The USDA opened its public comment period on hemp regulation only two weeks ago and more than 600 people have responded so far. Here is a sample of them.
Hemp is poised to be one of the biggest agricultural industries in the United States and at the moment it’s a hot topic in agricultural policy. In the roughly two weeks since the U.S. Department of Agriculture (USDA) opened a comment period regarding its interim federal regulations on hemp production, more than 600 people have responded to the call and submitted comments.
U.S. Secretary of Agriculture Sonny Perdue announced the USDA had established the interim plan of the U.S. Domestic Hemp Production Program on Oct. 29. With the announcement came an invite for members of the public to share their thoughts on the regulations.

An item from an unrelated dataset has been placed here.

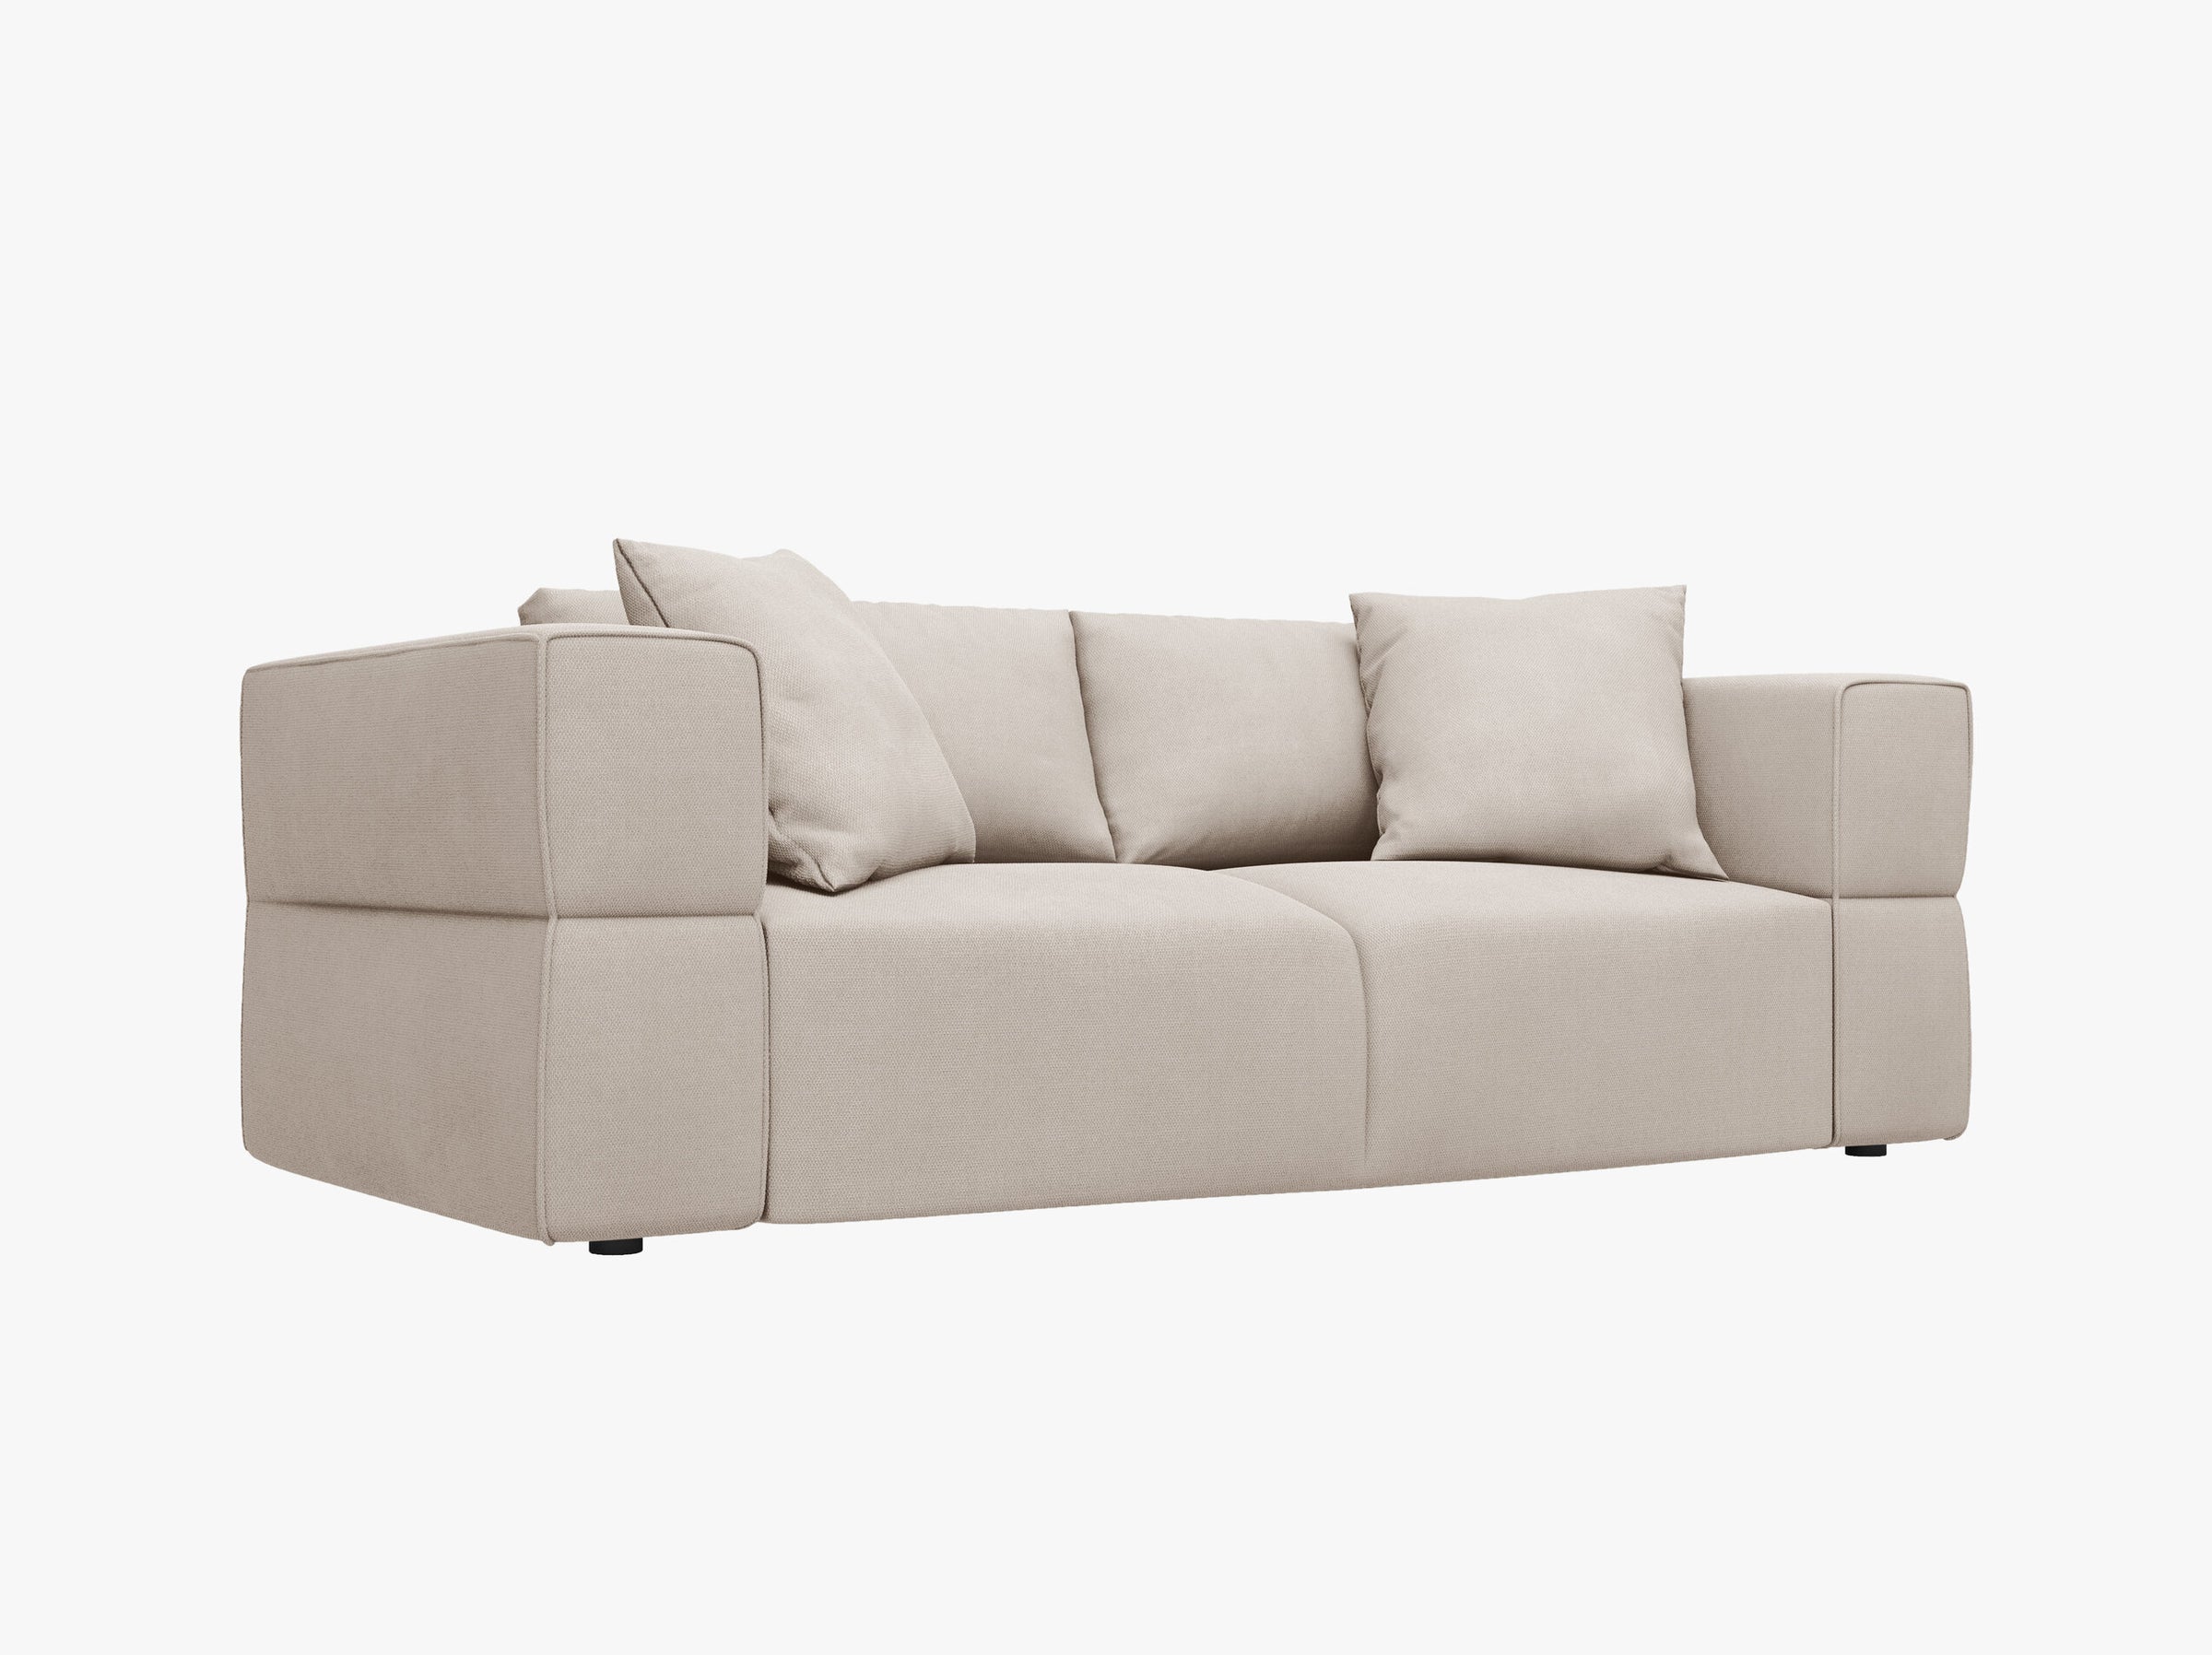 Tyra sofás tejido estructurado beige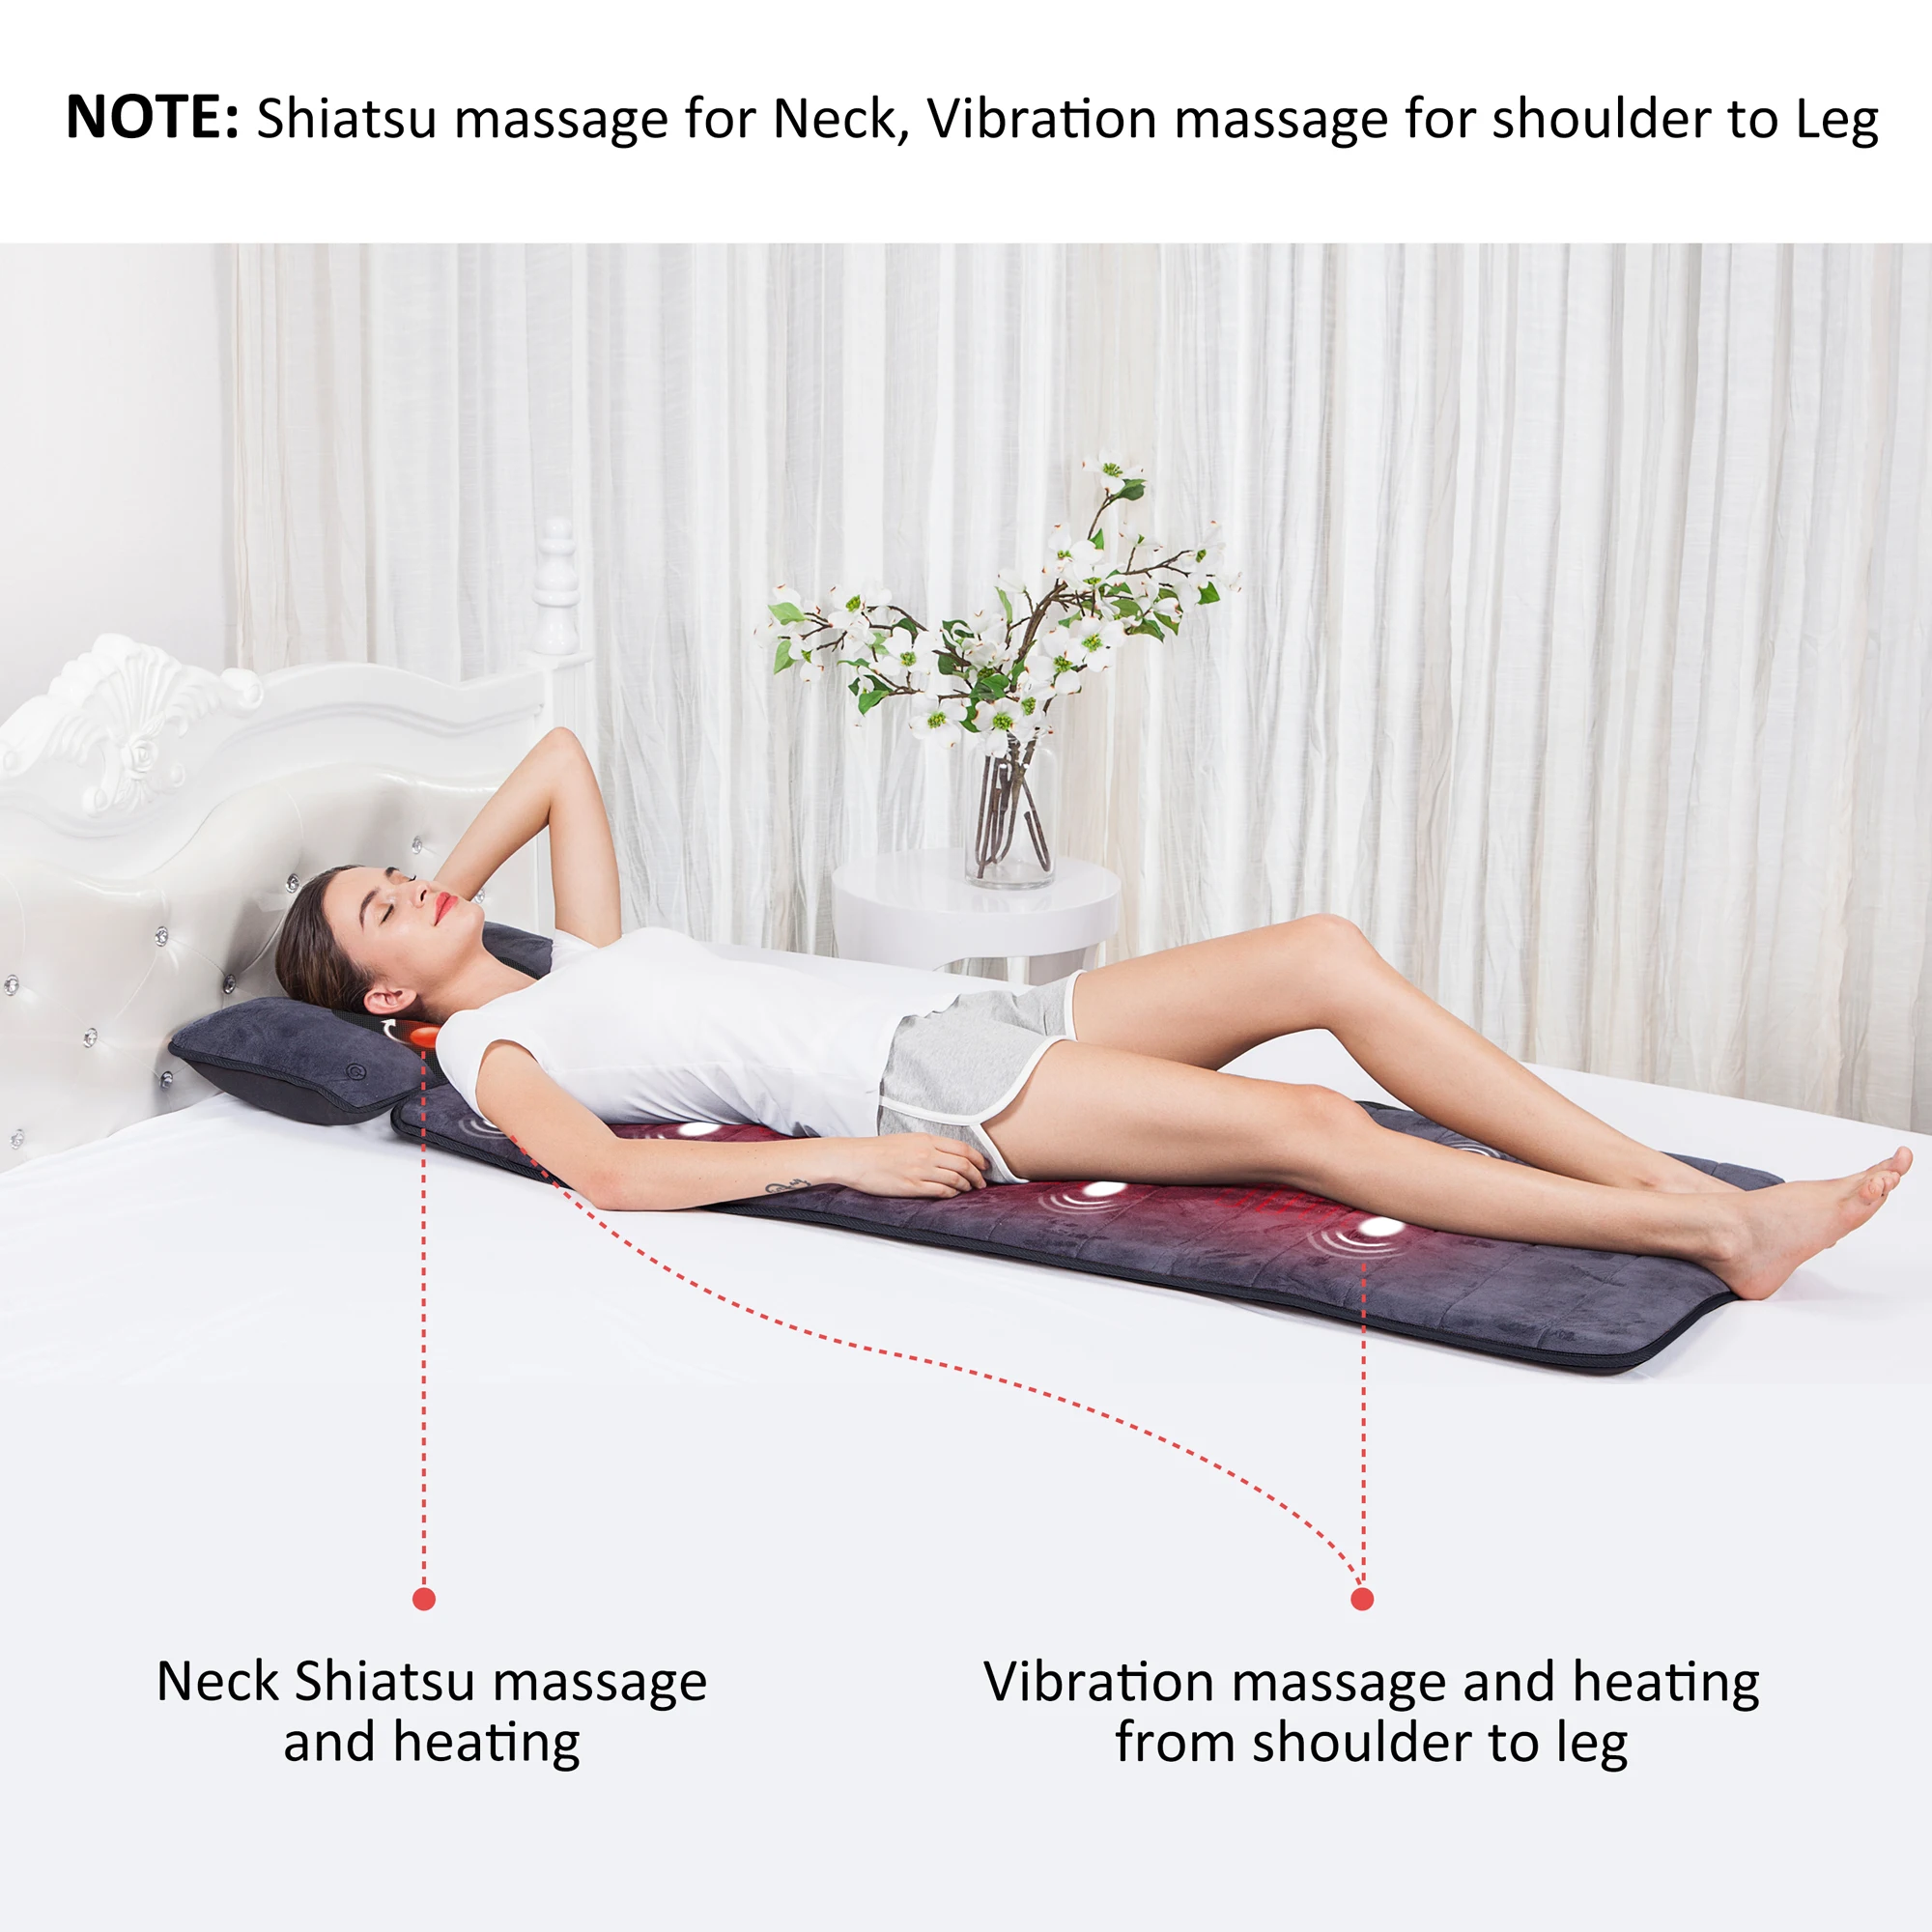 https://ae01.alicdn.com/kf/U063a0c5f0fab444fa3fc3172989da29c4/Comfier-Full-Body-Massage-Mat-with-Movable-Shiatsu-Neck-Massage-Pillow-10-Vibrating-Motors-4-Heating.jpg

The interim final rule, or hemp regulation package, includes provisions for the USDA to approve hemp production plans from states and American Indian tribes. Regulations within the plans include licensing, requirements for how to maintain land information where hemp is produced, testing procedures for levels of delta-9 tetrahydrocannabinol (THC), and how to dispose of non-compliant plants.
The USDA also established guidelines for hemp testing and sampling. For states and American Indian territories which do not already have hemp production plans, the interim rule establishes a federal plan for those sites.
Hemp is a plant species containing less than 0.3 percent of the compound THC and under the 2018 Farm Bill was defined as an agricultural commodity. The bill legalized hemp in the U.S. for any use, including extraction for the now booming CBD oil industry. U.S. hemp production has more than quadrupled in the past year.
The 60-day comment period is open until Dec. 30. Submit a comment here.
Sampling of Public Comments
Several issues about the interim hemp rule are standing out in public comments so far.
Chief among them is the 0.3 percent limit on THC levels in hemp plants. Sherri Janzen, a hemp farmer in Oregon, highlighted this point in a Nov. 14 comment stating that the “THC level limit is going to cut off the hemp industry at the knees.”
“Plants that produce the higher levels of CBD that make it worth it to grow, also push out some level of THC,” she wrote. “The genetics are just not here yet for us to be able to get seeds that can guarantee no THC levels. The anxiety this is causing among farmers is so unnecessary and ridiculous.”
Gaven Hammett, a Tennessee hemp farmer shared a similar point of view on the THC limits, calling the .3 percent limit unrealistic.
“The original Hemp thc testing procedures involved the collection of leaf, stem and flower on the entire plant not just the tops of flowers as these regulation(s) describe. Therefore, this practice is arbitrary and negatively biased towards discovering higher levels of THC. A total thc of .3 is unrealistic and should at lest be 1% total thc. Hemp seed compliant with .3 total thc is extremely rare and valued less,” Hammett stated in a Nov. 17 comment.
Christopher Gromek from Washington State argued that hemp growers should be given an opportunity to address any hemp crops containing too high levels of THC, which he referred to as “hot” hemp, before they’re forced to rip them up and throw them out.
“The USDA should allow farmers to remediate THC levels in ‘hot’ hemp by allowing them to (through sunlight/time etc. degrade the THC levels in their hemp until they are suitable for sale,” Gromek wrote in his comments submitted on Nov. 6. “If farmers are allowed to remediate ‘hot’ hemp prior to sale, they’ll still be able to utilize most currently available genetic stock, while simply adding a processing requirement to ensure hemp of required THC levels is being sold.”
Another issue rising is associated with the social justice aspect of cannabis reform. An anonymous commenter responded to the proposed 10-year ban on being a “key principal” of a hemp business for those with felony drug convictions.
“These regulations are a relic of prohibition, and will force honest small-scale farmers out of the market by placing the burden of unnecessary risks and costs onto them. While I personally am not effected by the felony ban, it is inconceivable that those most negatively impacted from prohibition would be barred from participating in the new legal economy,” the commenter wrote on Oct. 31.